Dealing With Missing Data Through Random Effects Models
Lewis Sheiner, MD.
University of California San Francisco, USA
A standard clinical trial assigns treatments A, observes outcomes Y, and, generically, uses the disparity between the goodness of fit of pY(Y|A) vs. pY(Y) to determine if assignment is causal for differences in outcomes. Covariates X may be used with pY(Y|A,X) to sharpen conclusions, but they are not required. With clinical trials of chronic conditions it is almost inevitable that departures from protocol occur. Missingness, wherein one or more scheduled observations in a longitudinal series (i.e., Y is a time-indexed vector with elements Yt, for t an element of t, the set of observation times) are not made, is a common form of departure. Dropout at time T, wherein Yt, t > T, denoted Ymiss, is missing is a particularly simple and illustrative form of missingness. With dropout, the observed outcome is (Yobs,T), not Y, and the required model is therefore pY,T(Yobs,T). The standard approach to dropout is to impute Ymiss using LOCF (last observation carried forward), and analyze the now "complete" data using the analysis procedure originally proposed. Whereas this approach may sometimes suffice for a (conservative) confirmatory analysis, it does not generally lead to unbiased conclusions because the LOCF prediction of Ymiss is rarely unbiased.
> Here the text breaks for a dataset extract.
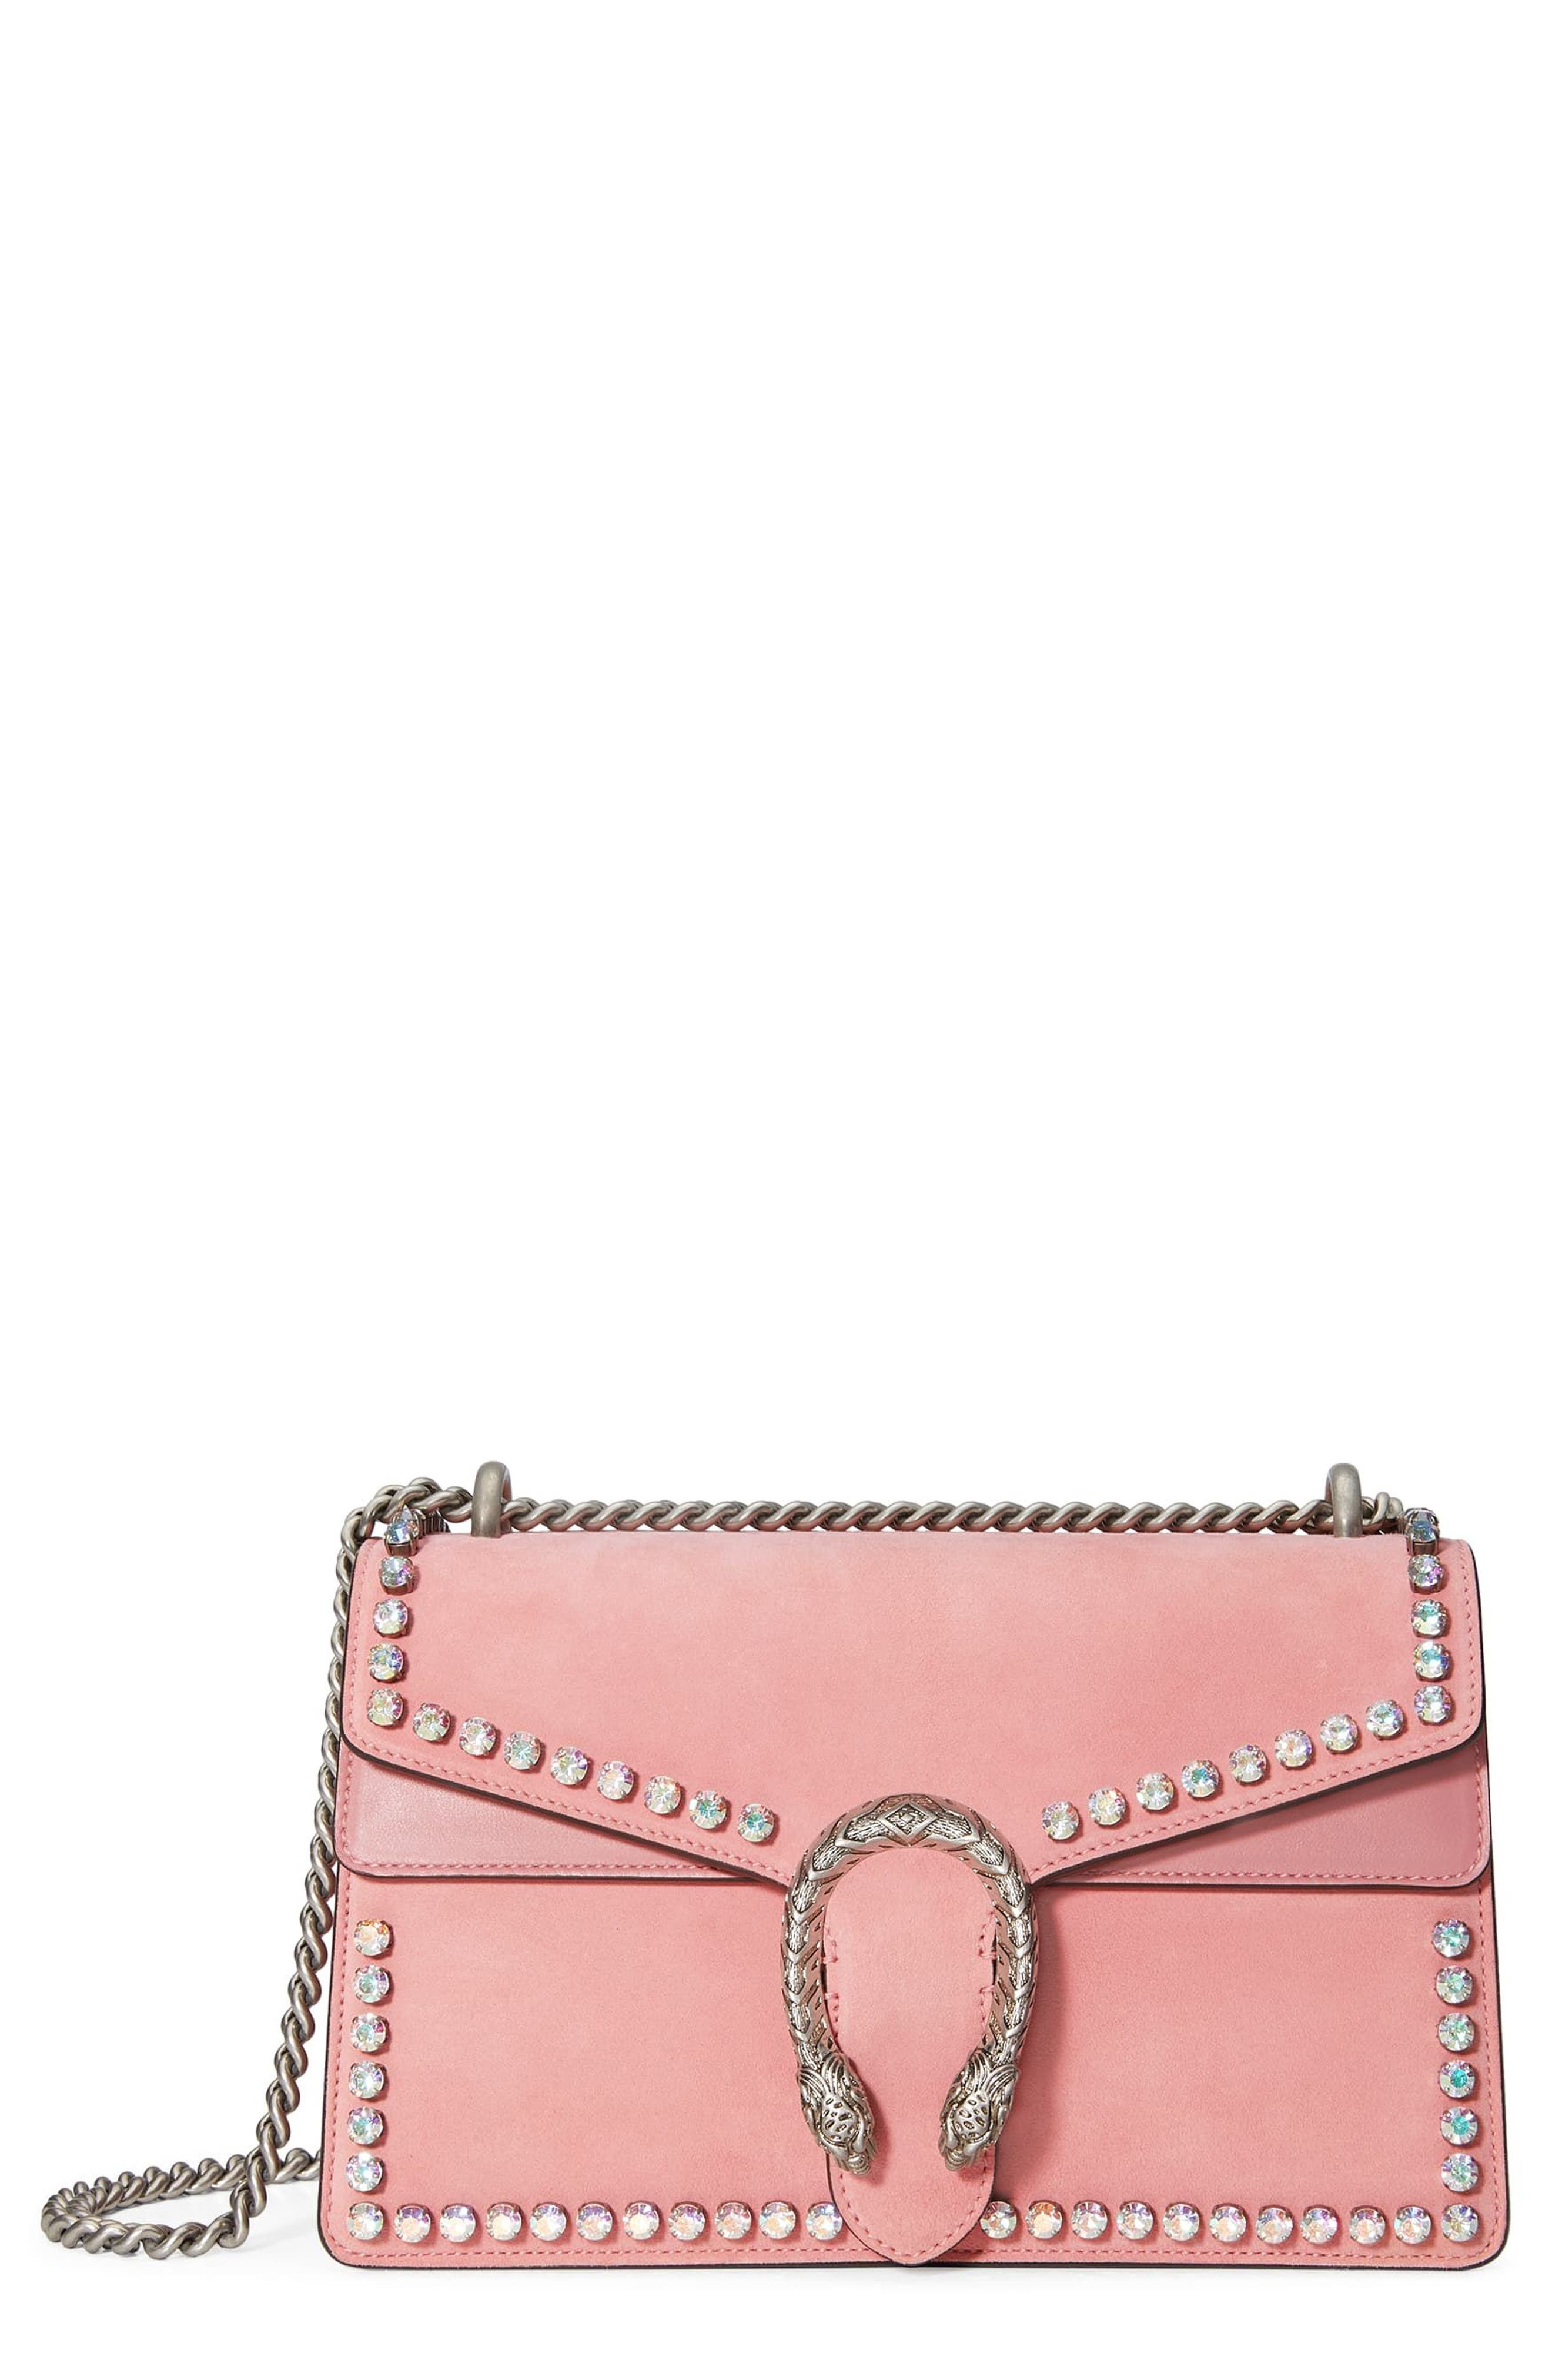 Small Dionysus Crystal Embellished Suede Shoulder Bag,                             Main thumbnail 1, color,                             Pink

More generally, the data distribution pY,T(Y,T|A) can be factored as pT(T|Y,A)pY(Y|A). The first factor, the model for missingness, is potentially causal, as T now depends on Y, and cannot necessarily be ignored (complete case analysis). If an X exists such that pT(T|A,Y,X)=pT(T|A,X) then Ymiss is ignorable (in the sense that pT(T|A,X) may be ignored with only some slight loss of efficiency if it shares parameters with pY(Y|A,X)) and the complete cases can be validly analyzed using pY(Y|A,X) instead of pY(Y|A).
Failing a covariate that renders the missingness ignorable, heuristically, if Yobs can be used to model E(Ymiss|Yobs), then imputing Ymiss = E(Ymiss|Yobs) makes the missing data be only the residuals, Ymiss - E(Ymiss|Yobs), and these may be almost ignorable (i.e., E(Ymiss|Yobs) may be almost unbiased for Ymiss). LOCF rarely accomplishes this as it recognizes no data trends that might be expected to persist after dropout. Random effects models for the time-evolution of Y can accomplish this: such models assert that pT(T|Y,A)pY(Y|A) = pT(T|b,A)pY(Y|b,A), where the b are random effects. If so, Ymiss no longer affects pT(T|A), and if Yobs supplies unbiased information about b, the missingness is ignorable. Further, such models usually also assert conditional independence of the elements of Y given b, whence pY(Y|b,A) equals the product of the terms pY(Yt|b,A) for all t in t, and the likelihood pY(Yobs|b,A) is immediate.
For a random-effects model-based approach to non-ignorable missingness to be credible, the assumption that given the particular choice of pY(Yt|b,A), Yobs supplies unbiased information about b (which pY(Yt|b,A,t>T) = LOCF rarely does) must hold, and this in turn requires that it be scientific (i.e. be based on prior knowledge) as the current data (absent Ymiss) cannot provide evidence for or against it.